Line 25 we read the entire (uncompressed) file contents in to a variable.  Line 27 closes the compressed file. Now, even though we have the with statement, we want to copy the original file and then delete it in the original location – and we can’t do that if the file is open.

There are a few print statements to print information for those times you are watching the program to make sure that it operating correctly. Line 29 – opens a new file for writing – and then on 30 we write the uncompressed file contents to the new file and finally on line 31 we close this new file. Line 34 copies the original file to the end or processed folder. Finally, line 35 deletes the file that was processed.

imdb_initialdata_sourcecode3

Above is our final sections of code – if I were in Java I would call this main function. Lines 41, 42, and 43 set up the folders that we are going to use. An interesting note here is that we are only doubling up the last slash, where in a language like Java we would probably double up all of them. It reduces the length of the line and makes it clearer so I appreciate the lack of additional escape characters.

Line 44 – calls the function defined earlier called getfiles – and sends it the infolder parameter.

Line 45 checks if the zipfolder exists – and if it doesn’t then it creates it.

Line 46 is virtually identical to line 45, except that it does it for the archivefolder – where we will store the files after they have been processed.

Finally, we have a standard for loop – for every element in the fs (list of files) it runs the decompress function (which we discussed earlier).

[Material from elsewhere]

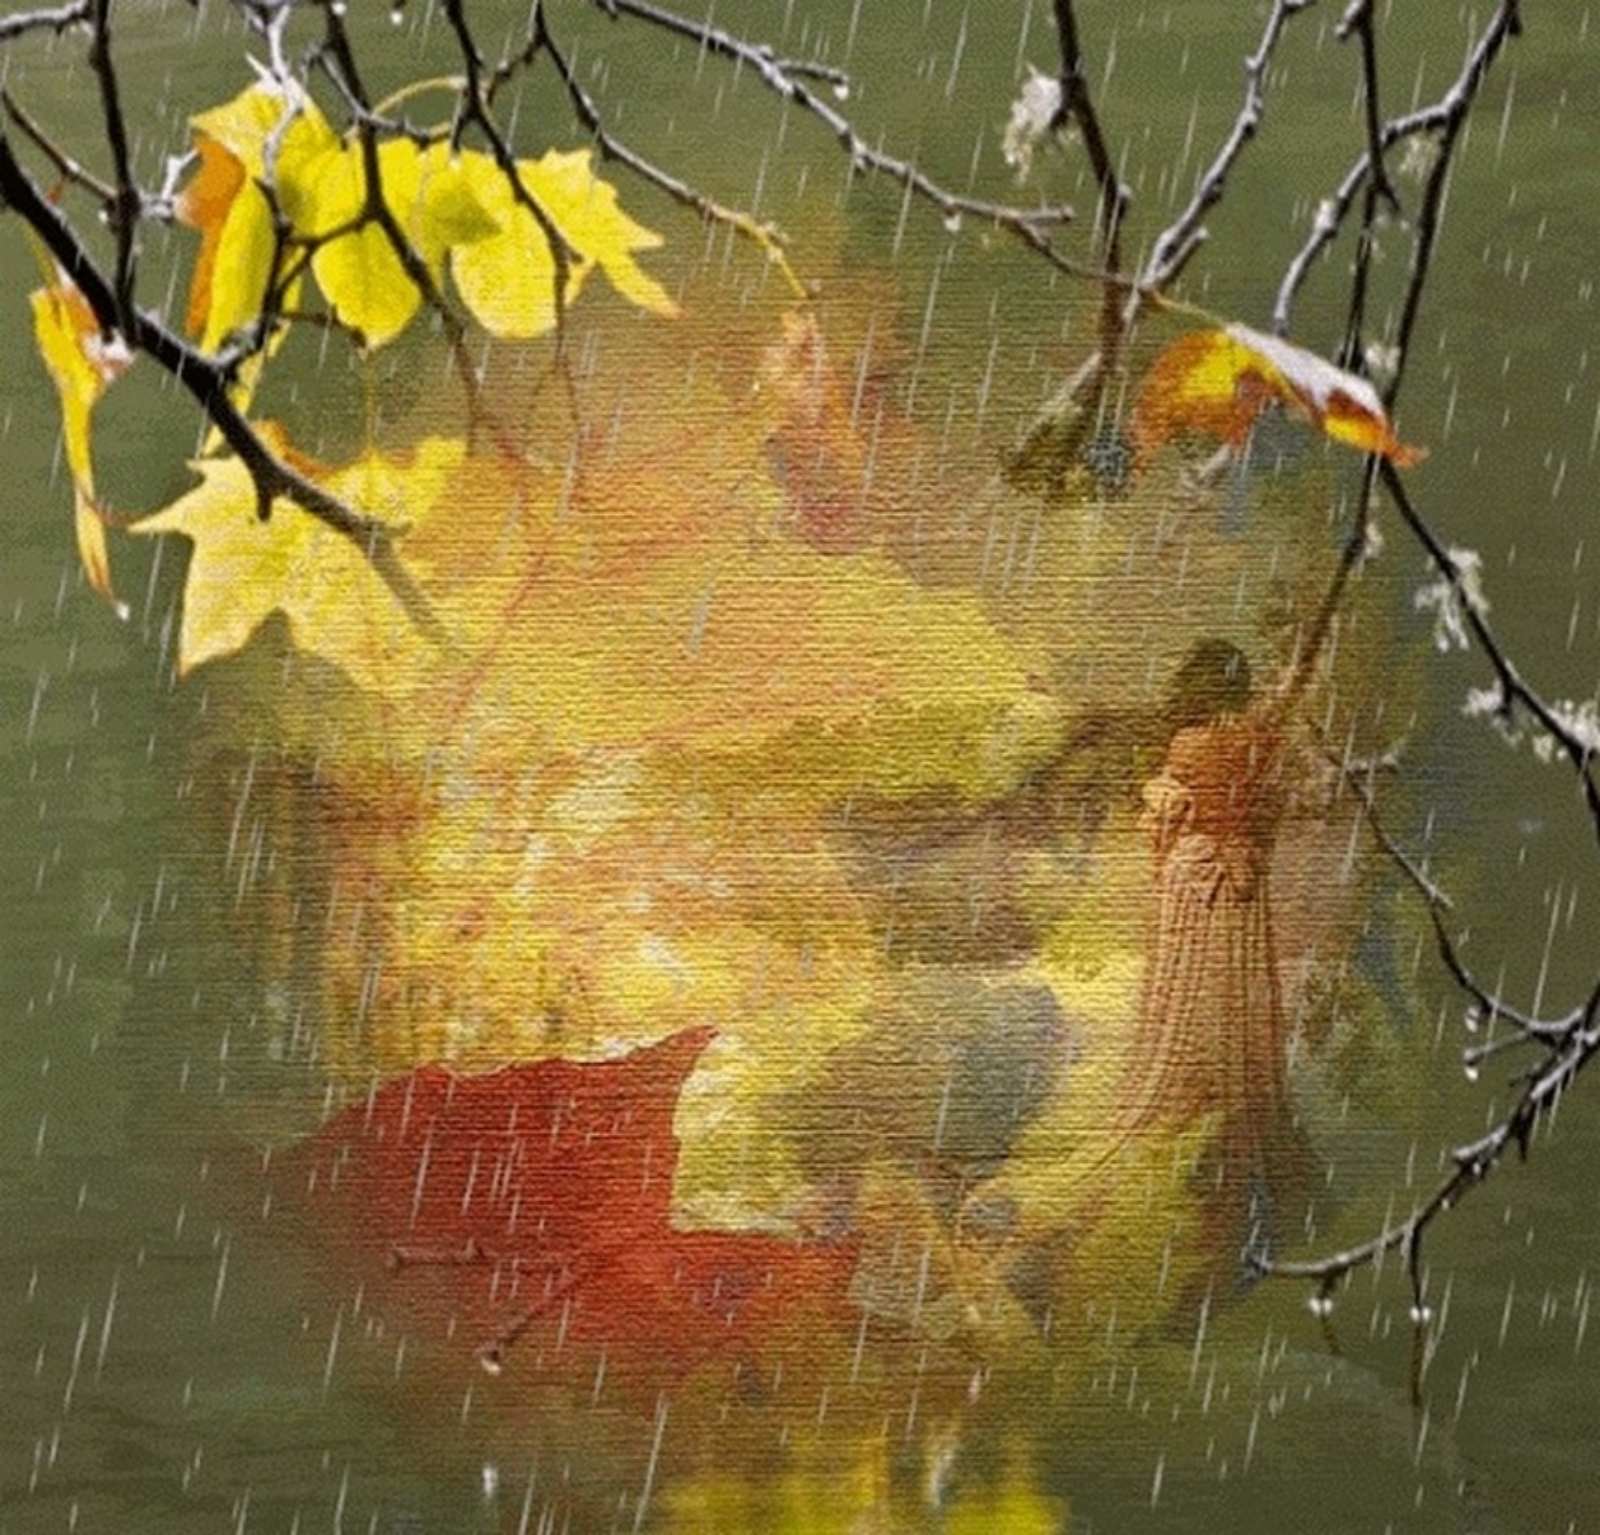 Jazzdauren идут дожди смывая печаль. Дождливая осень. Осень дождь. Осень листопад дождь. Осенняя грусть.

Then, well, we are done with the program. It has served the purpose for which it was designed. This code could be adapted in many ways for many different situations – for ETL tool type functionality.

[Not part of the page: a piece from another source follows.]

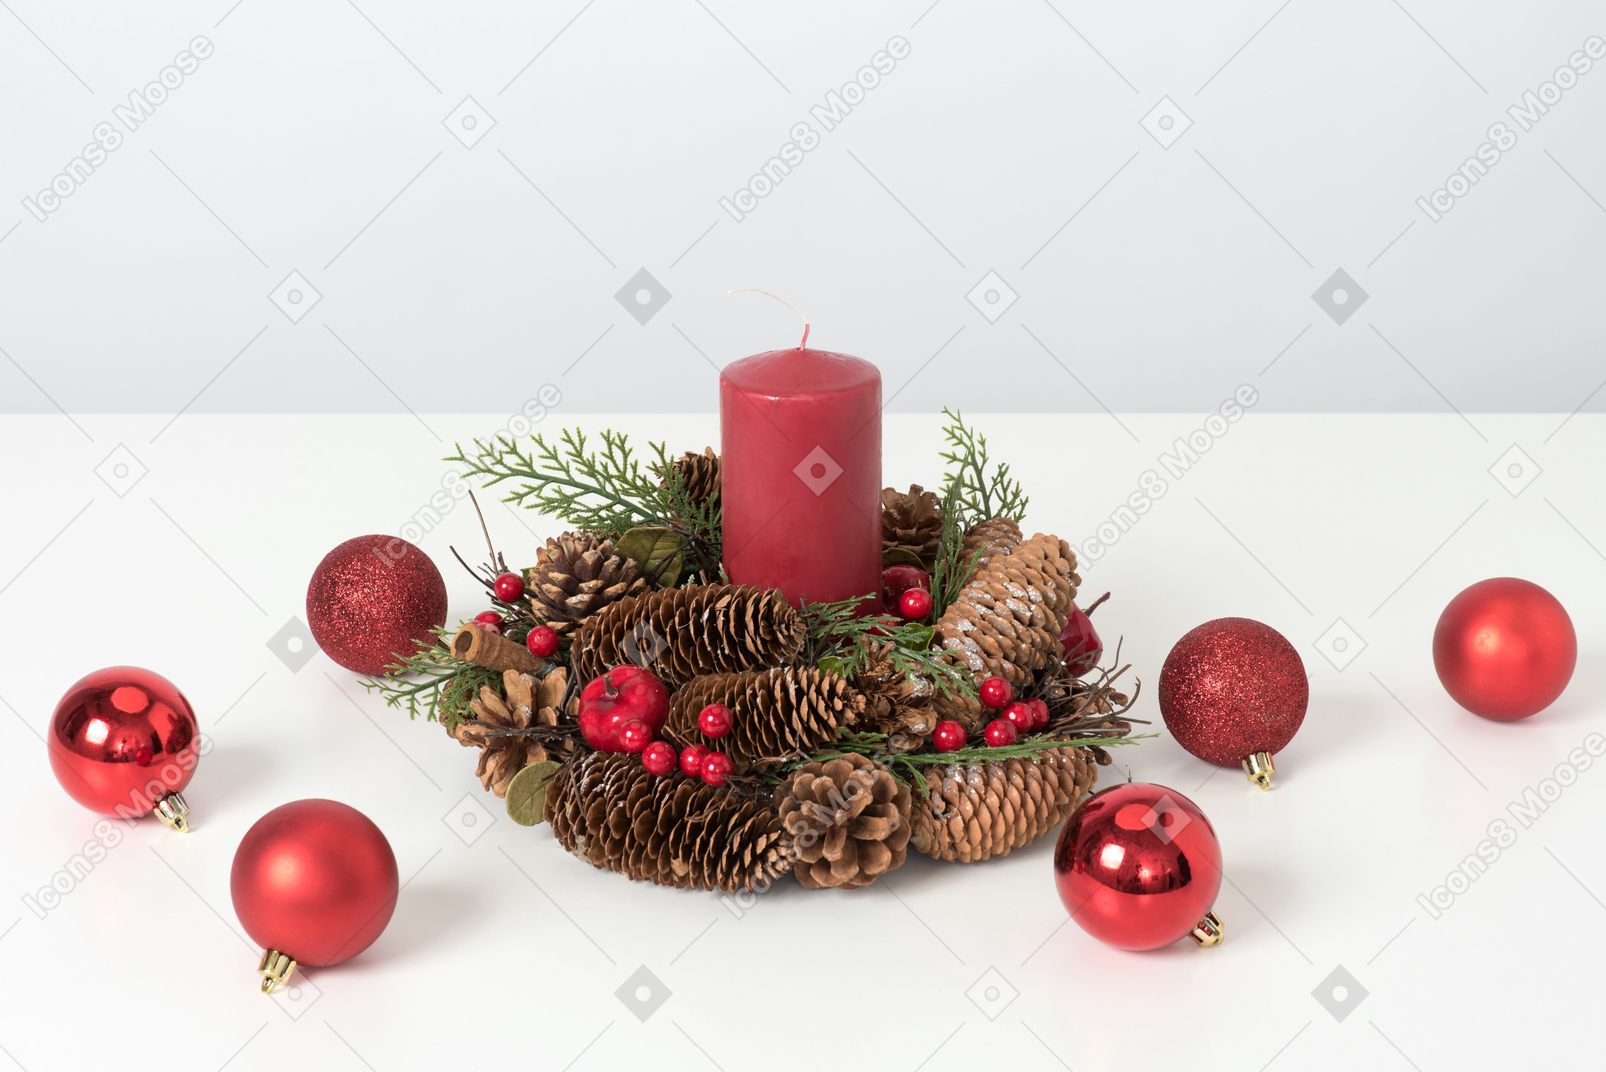 Christmas decorations near christmas wreath

That concludes the first four steps. Step 5 will be repeated over and over again for 48 files, so it may be covered in many posts. Still, if there is standardization in the file formatting (even if it is standard not pleasant) after solving the first file there should be a lot of code reuse.

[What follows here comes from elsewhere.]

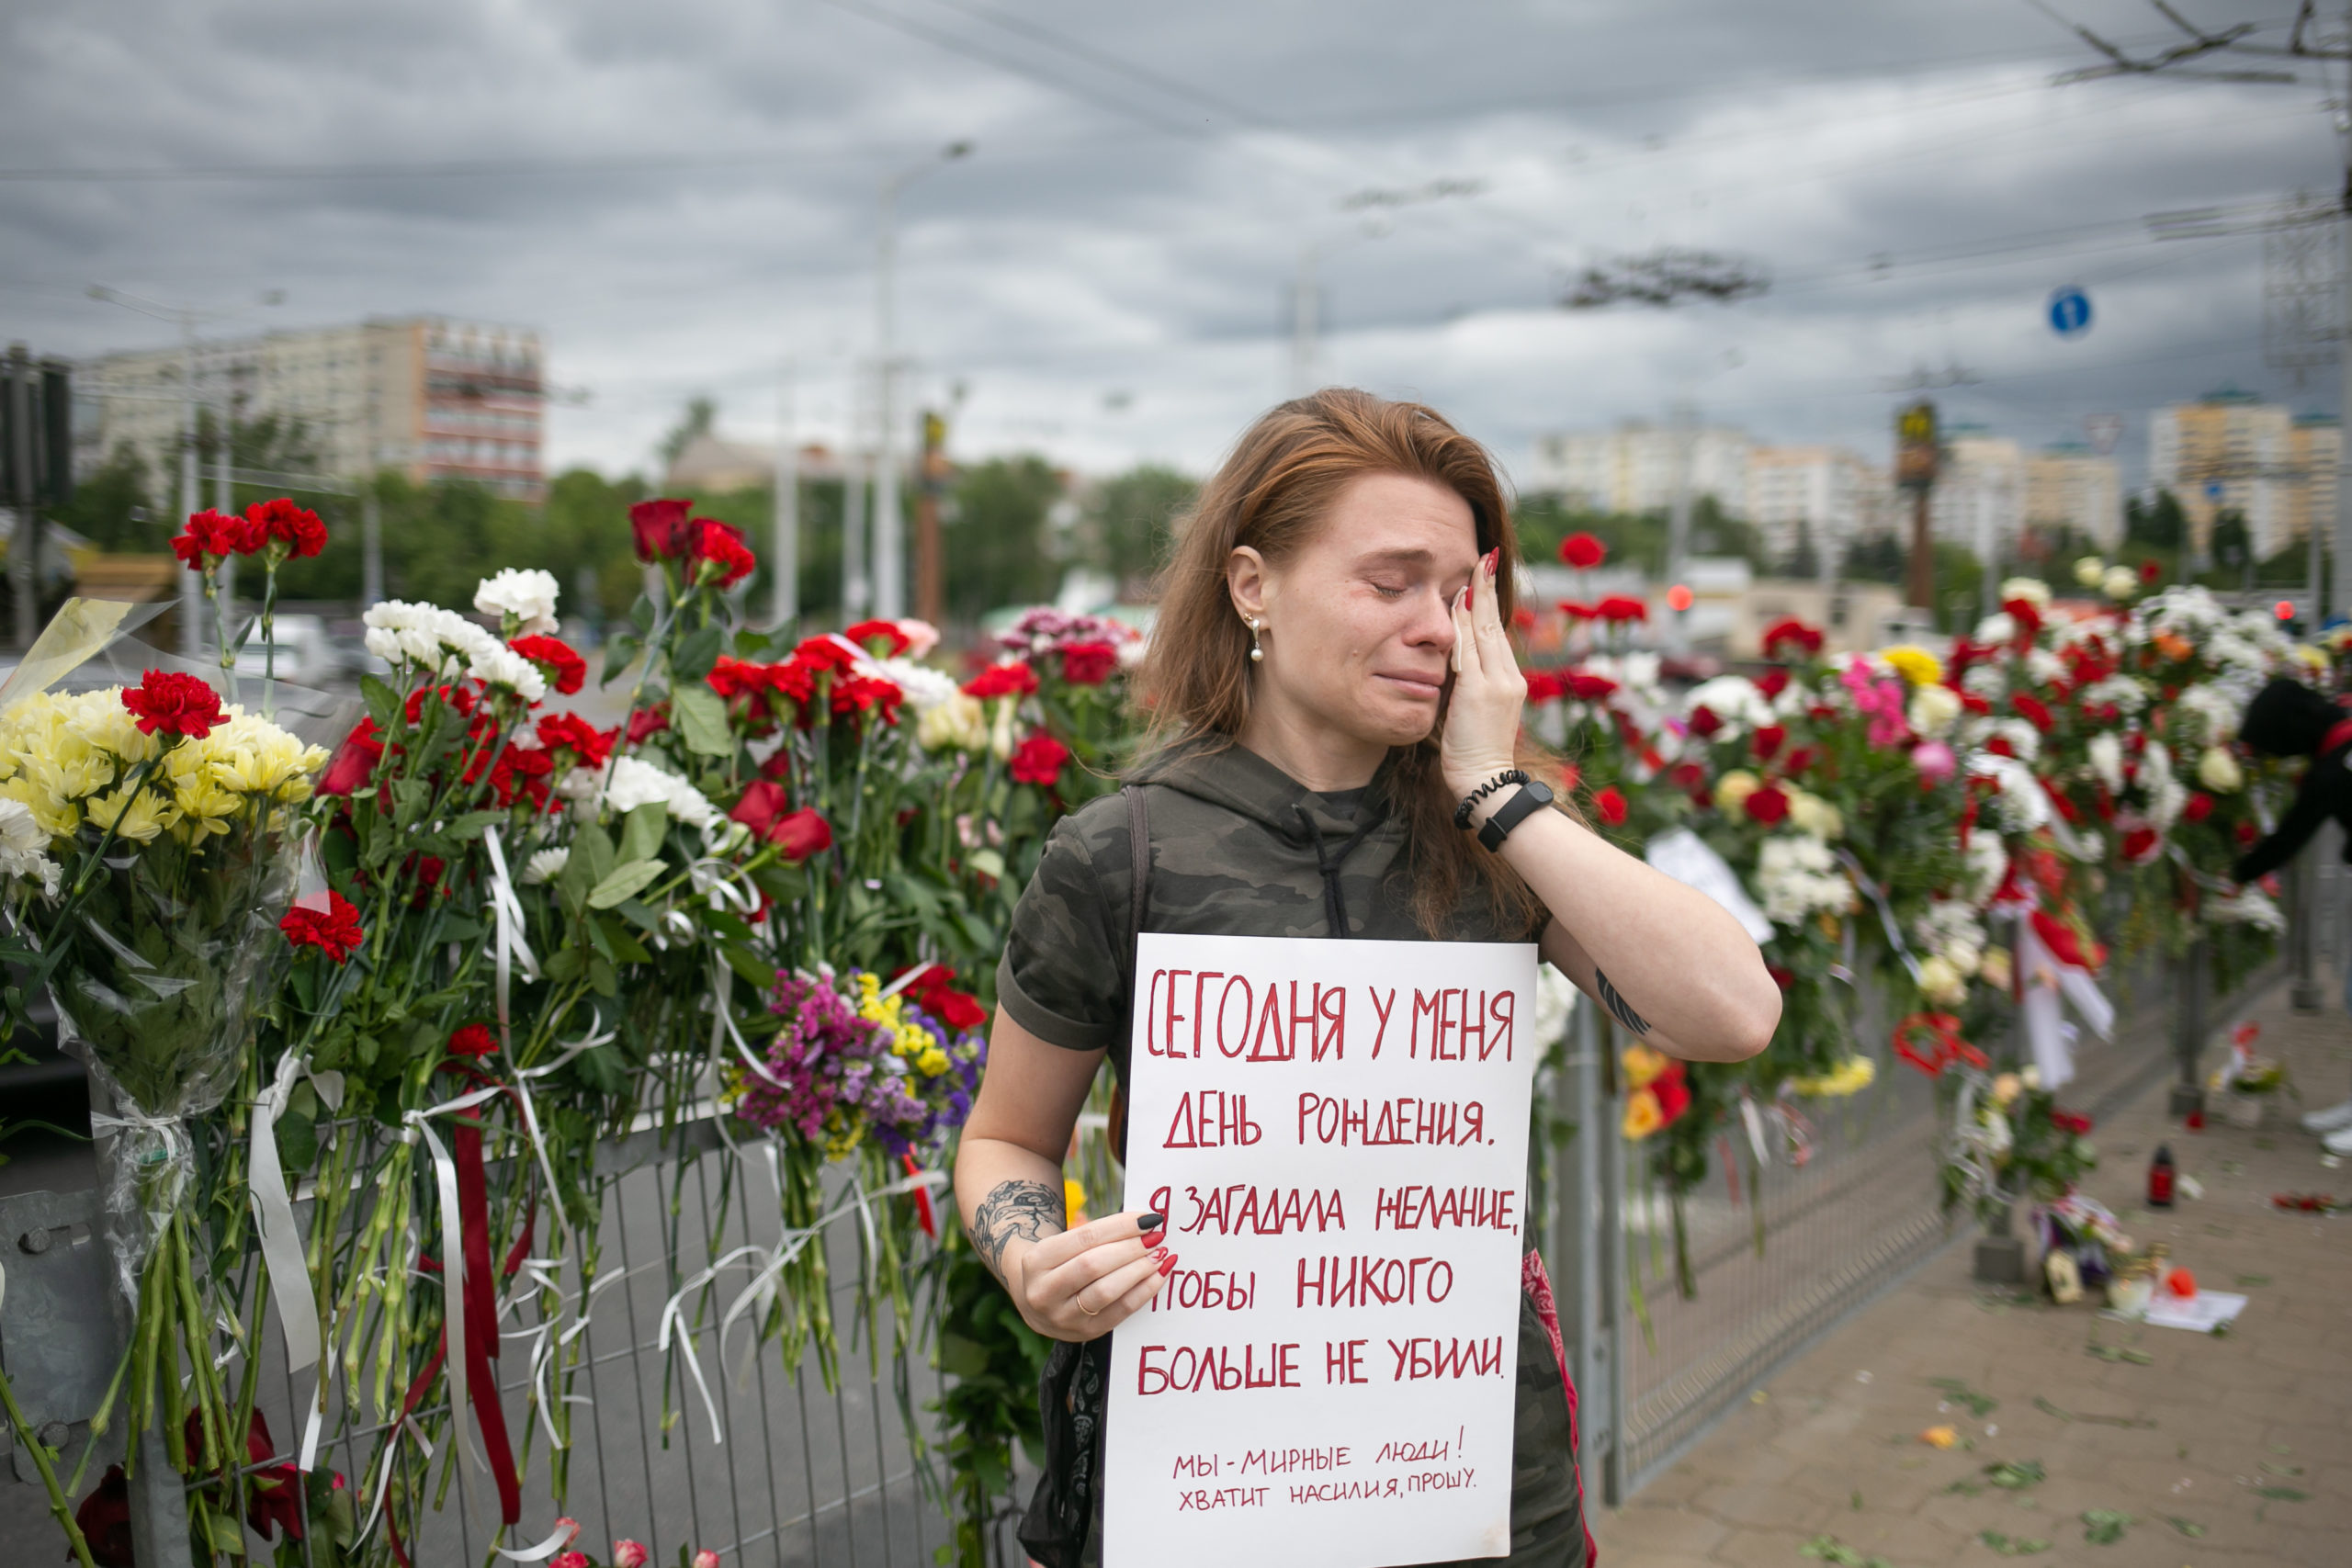 Uma jovem mulher chora perto do memorial popular em homenagem a Aleksandr Taraikovsky, um manifestante assassinado pela polícia. Seu cartaz diz “Hoje é meu aniversário. Meu pedido é que não matem mais ninguém. Somos da paz! Chega de violência, estou pedindo”. Minsk, próximo à estação de metrô Pushkinskaya, 12/08/2020

Update and final run instructions

To run the code you need to save your file in the windows command prompt. Click on “Ask me anything” on your Windows 10 task bar and type cmd – you can either press [enter] or double clicking on the top of you results.

commandpromptopen

cmd_runcodeimdb

When you open the command prompt (as shown above) it starts you in the Users directory that is currently running the computer. Type in cd.. [enter] to move back one level in the command prompt. This moves you to the Users area. Type in cd.. [enter] and this places you at the root directory. Next we will move to the directory that we saved our code. Type cd IMDBCode [enter].

Now, if the path is set correctly in your computer for Python 2.7 – you can run the Python code by typing in the file name – IMDB_InitialDataProcess.py [enter] and the program will begin to run. Assuming the files are in the C:\IMDB folder – they will be uncompressed, saved as text files and moved/deleted.

Just to show the expected output:

dataprocess_endproduct1

This folder (IMDB) used to contain 48 files – now it contains two directories. All the files have been deleted. If there were any files remaining those files would be files that failed to be processed.

dataprocess_endproduct2

Above – we can see the contents of the “Original” folder under IMDB – contains 48 files – with a disk space of 1.71 GB.

dataprocess_endproduct3

Now, finally, we can see that the “Unzip” folder contains 48 files – with a disk space of 6.89GB.